__Instructions for the task__: Your copy should repeat the data that follows exactly and contain no image.

__Dataset section__:
☆ ☆ ☆

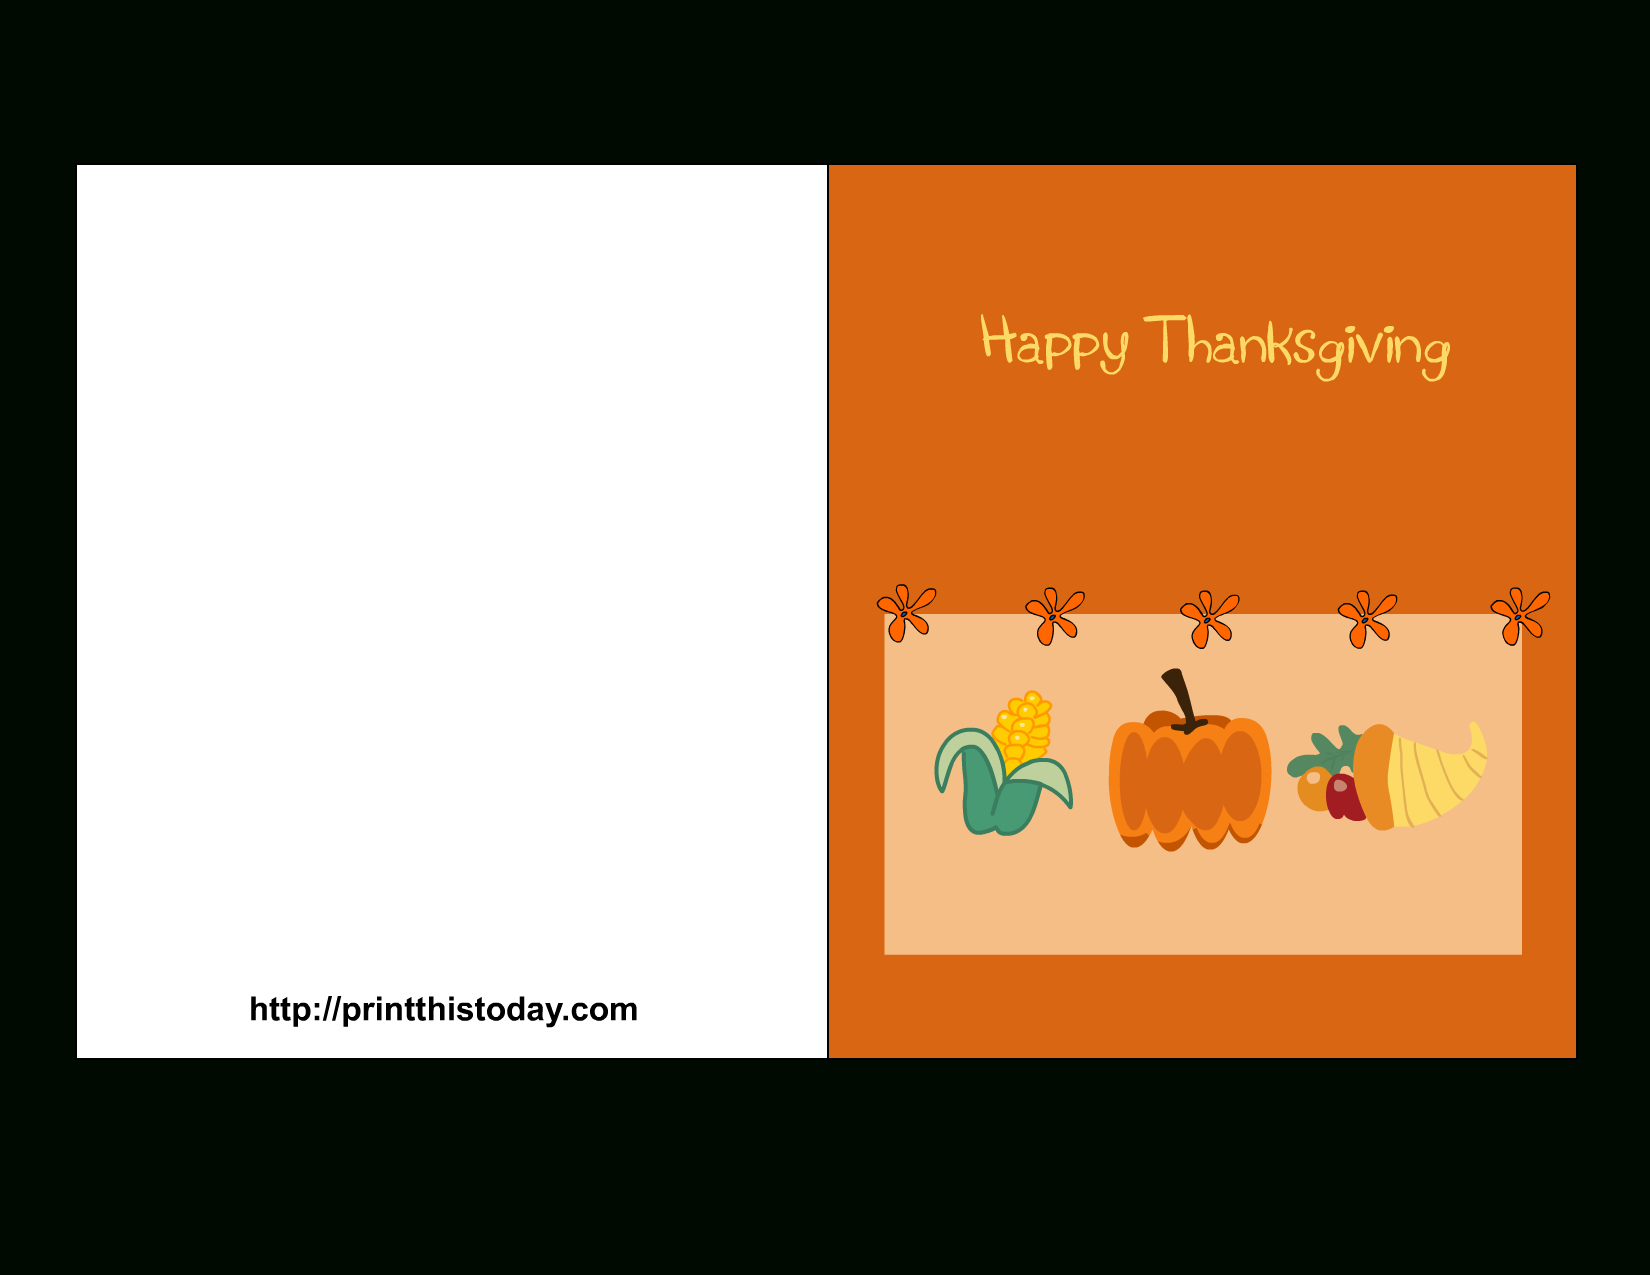 Free Printable Thanksgiving Cards - Happy Thanksgiving Cards Free Printable
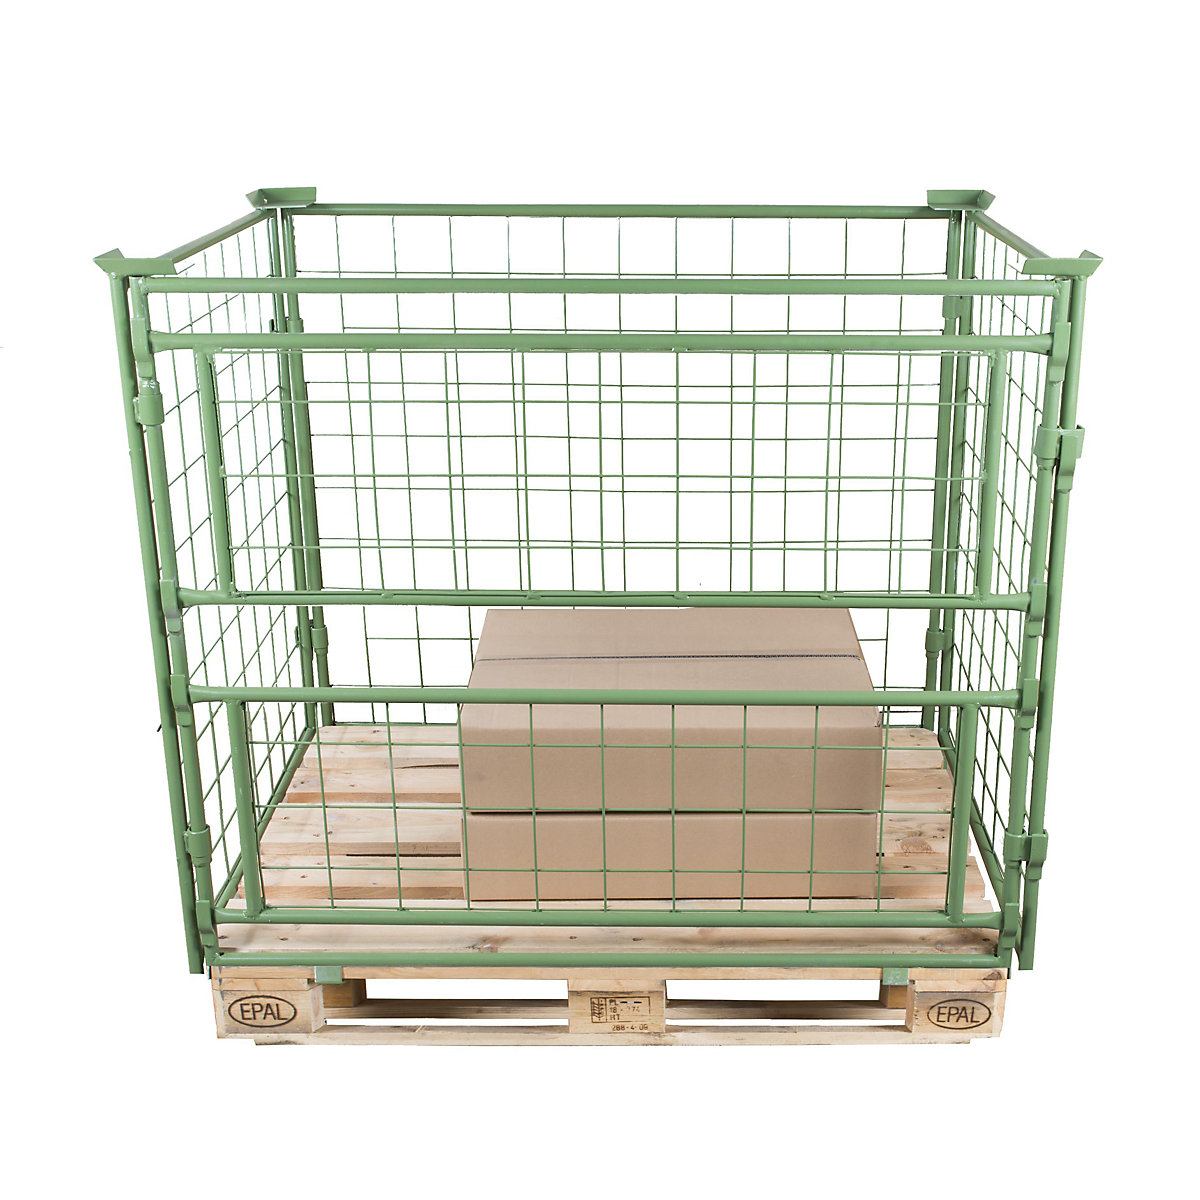 Pallet frame, effective height 1800 mm, for stacking, WxL 800 x 1200 mm, 1 long side with 2 parts, removable-1
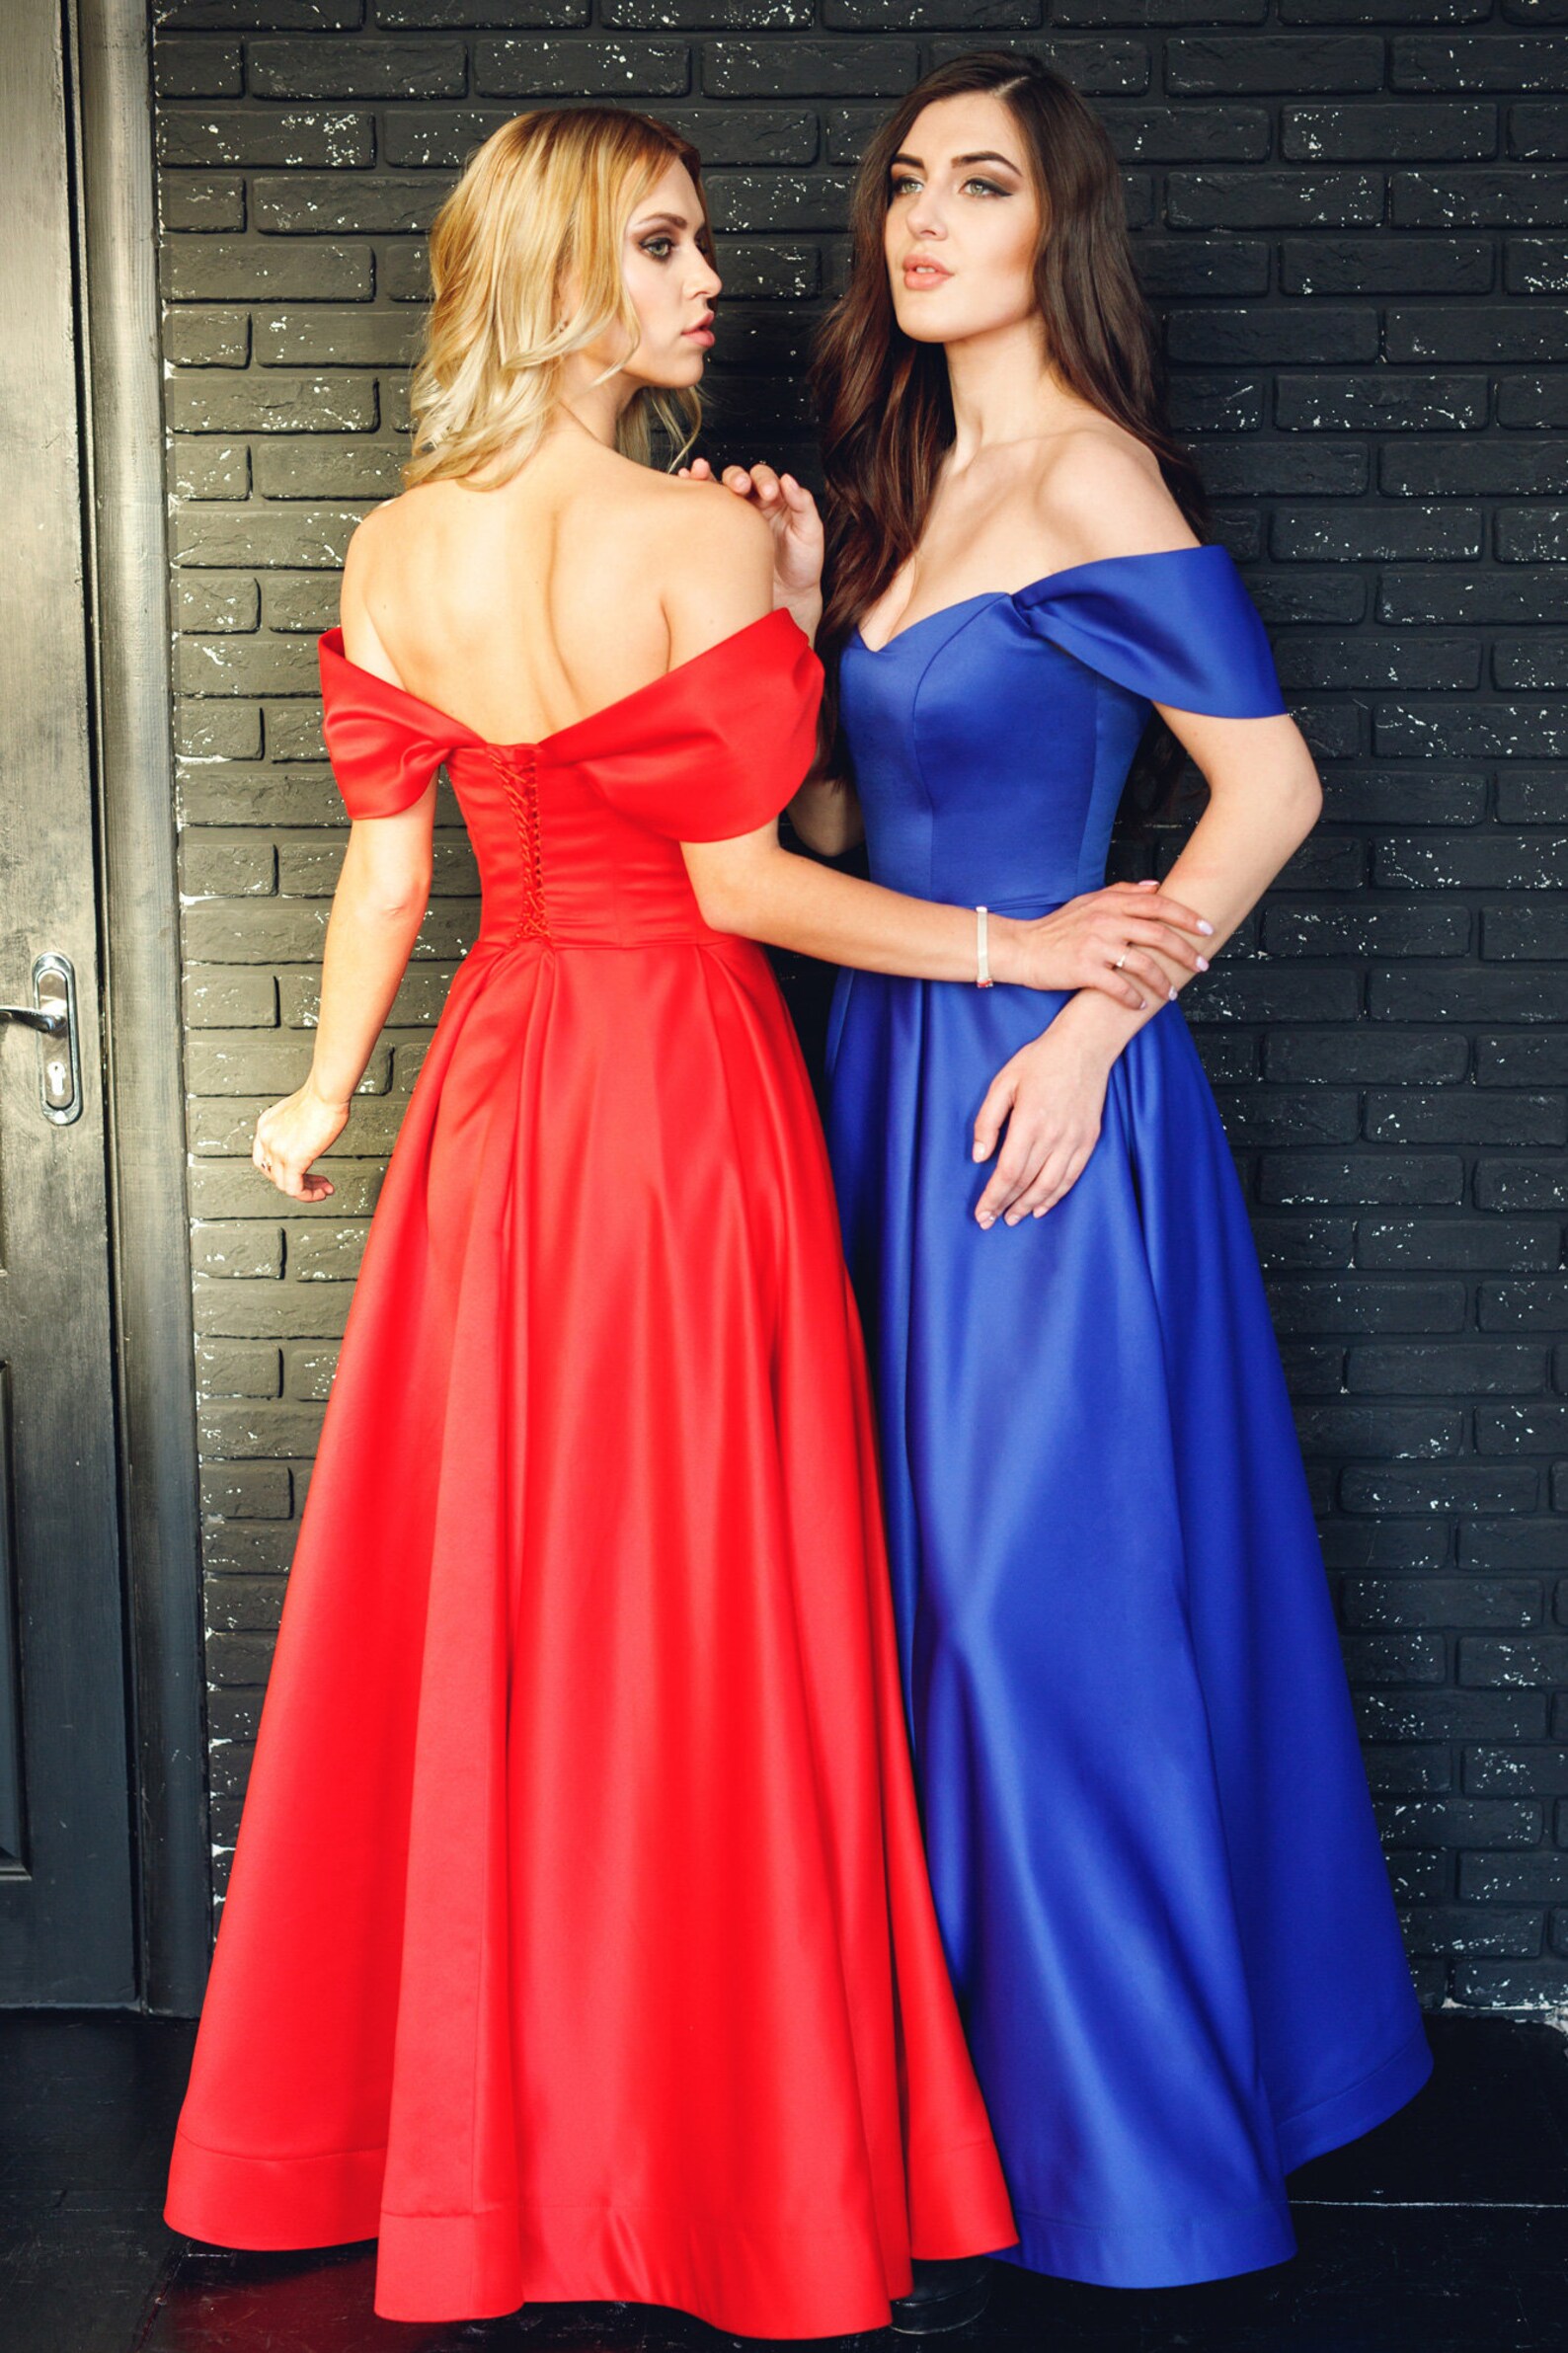 Elegant Off The Shoulder A Line Prom Dresses Satin Sexy High Split Floor Length Women Formal Occasion Party Gowns Plus Size Second Reception Evening Dress CL2570

☆ ☆ ☆

__Your response__:
 Free Printable Thanksgiving Cards - Happy Thanksgiving Cards Free Printable
 Pallet frame, effective height 1800 mm, for stacking, WxL 800 x 1200 mm, 1 long side with 2 parts, removable-1
 Elegant Off The Shoulder A Line Prom Dresses Satin Sexy High Split Floor Length Women Formal Occasion Party Gowns Plus Size Second Reception Evening Dress CL2570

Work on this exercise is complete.